Coupling of shear banding and dehydration in serpentinite: a numerical study

Serpentinites are hydrous rocks with a wide pressure-temperature stability field that play a key role in geodynamic settings such as subduction zones and associated seismic regions, and strongly influence the deep-water cycle. Field observations and laboratory experiments indicate that dehydration of serpentinites may be caused locally due to deformation, or conversely that dehydration may induce deformation. However, the mechanical-chemical coupling between serpentinite dehydration and deformation remains poorly constrained.

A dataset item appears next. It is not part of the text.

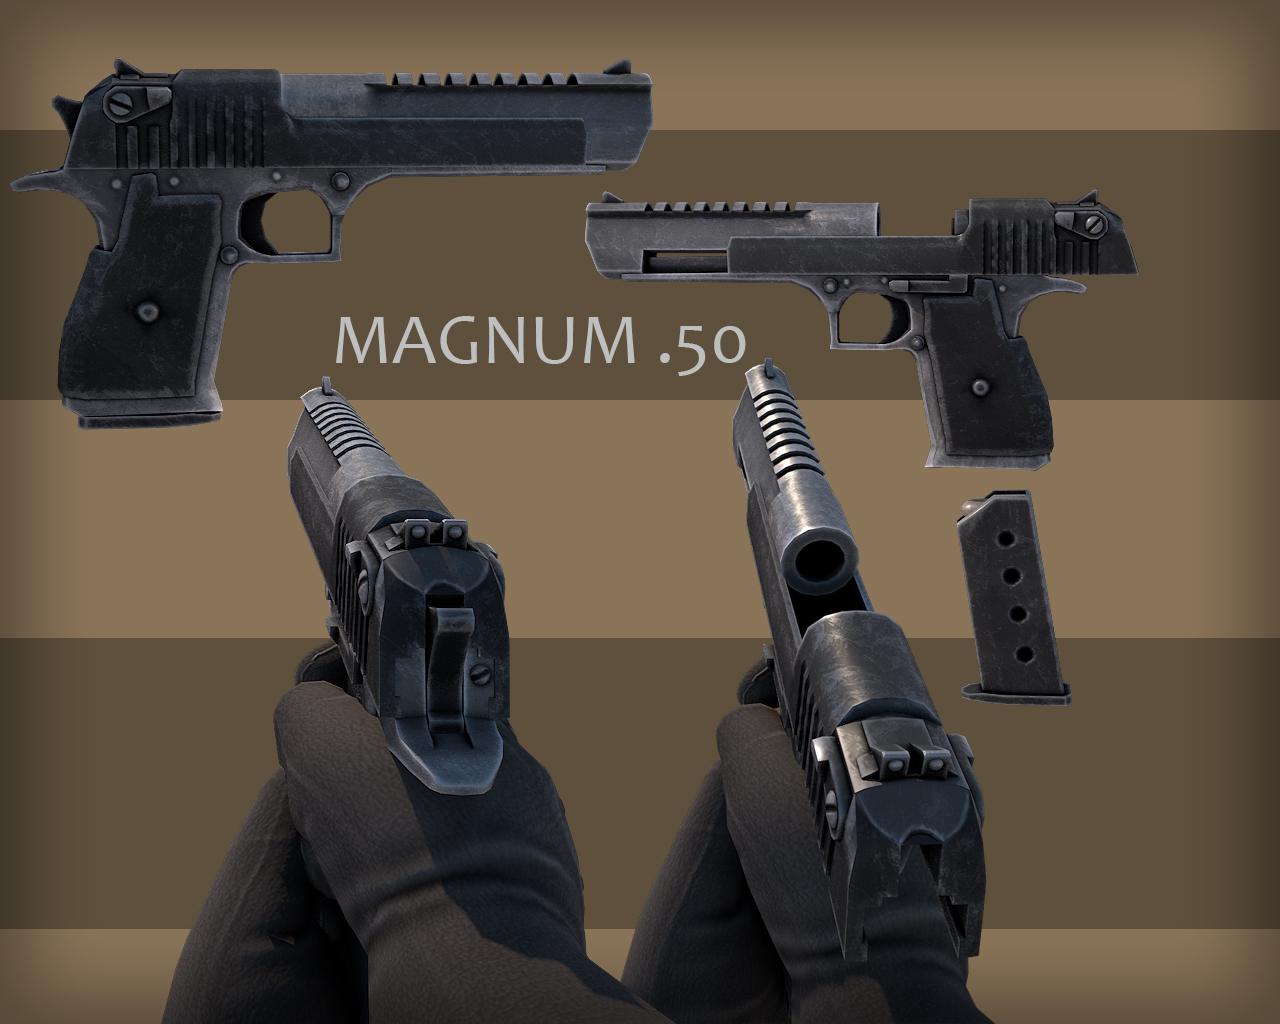 magnumpromo.jpg
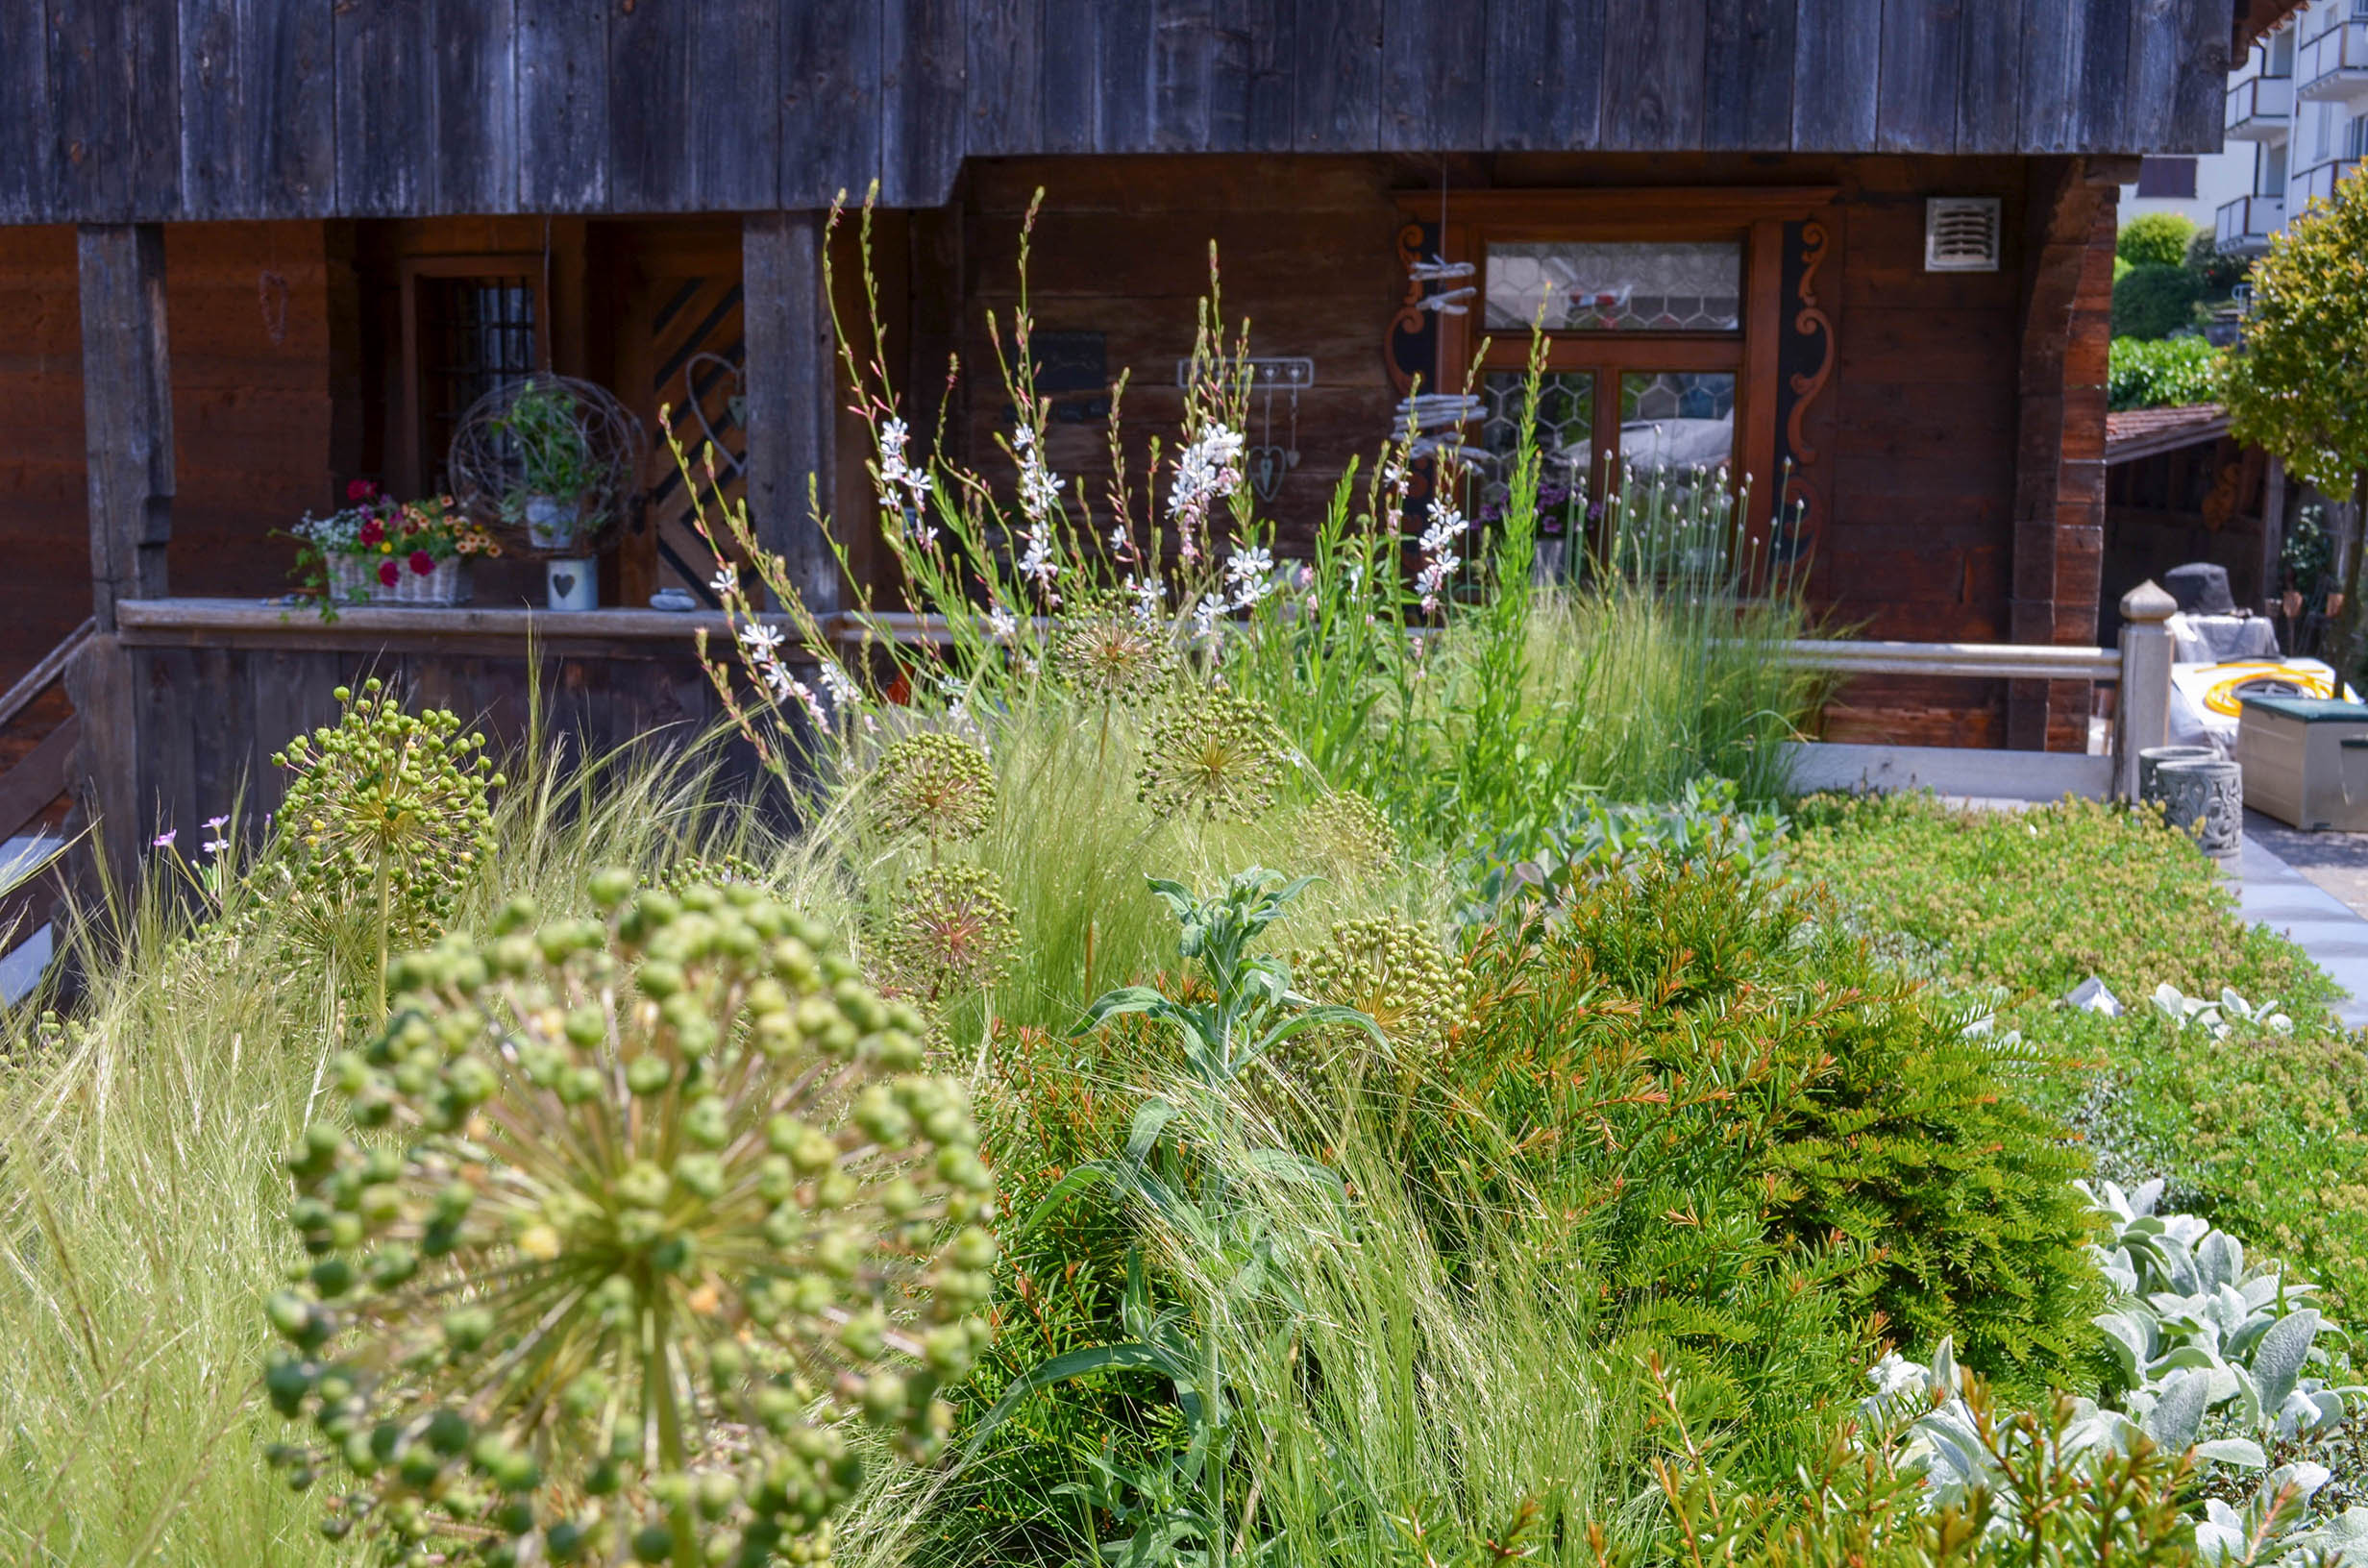 Gartenoase in Buochs 9

Metamorphic olivine veins observed in antigorite serpentinites are interpreted as dehydration bands, and similar structures have been reproduced in laboratory experiments under uniaxial shortening and differential stress. These observations raise fundamental questions about the role of deformation in controlling serpentinite dehydration, its influence on reaction kinetics, and the impact of shear bands on fluid transport pathways. In addition to laboratory studies, numerical modelling provides a powerful approach to address these questions and to investigate dehydration processes in deforming serpentinites. However, the numerical coupling of dehydration reactions, fluid flow, and rock deformation remains challenging.

Here, we present a mathematical framework that couples poromechanical deformation, Darcy flow and a thermodynamic model for serpentinite dehydration. Based on this framework, we develop a two-dimensional numerical model using finite-difference discretization and an accelerated pseudo-transient solution method based on an iterative, matrix-free approach. The model simulates dehydration reactions driven by deformation-induced pressure variations in mechanically heterogeneous rocks. We benchmark the numerical algorithm by comparing fluid and total pressure variations around mechanically weak inclusions with results from alternative numerical methods, and by validating numerically-modelled reaction-front propagation against a new analytical solution. We then aim to investigate the relationship between shear band formation and serpentinite dehydration. Shear bands are generated using a nonlinear viscous flow law, a pressure-insensitive von Mises criterion, or a pressure-sensitive Drucker–Prager criterion. Our primary objective is to assess whether shear band-related pressure variations can localize dehydration reactions and promote the formation of fluid pathways. Finally, we incorporate a simplified reaction-kinetics model to explore the potential impact of localized deformation within shear bands on the development of dehydration bands.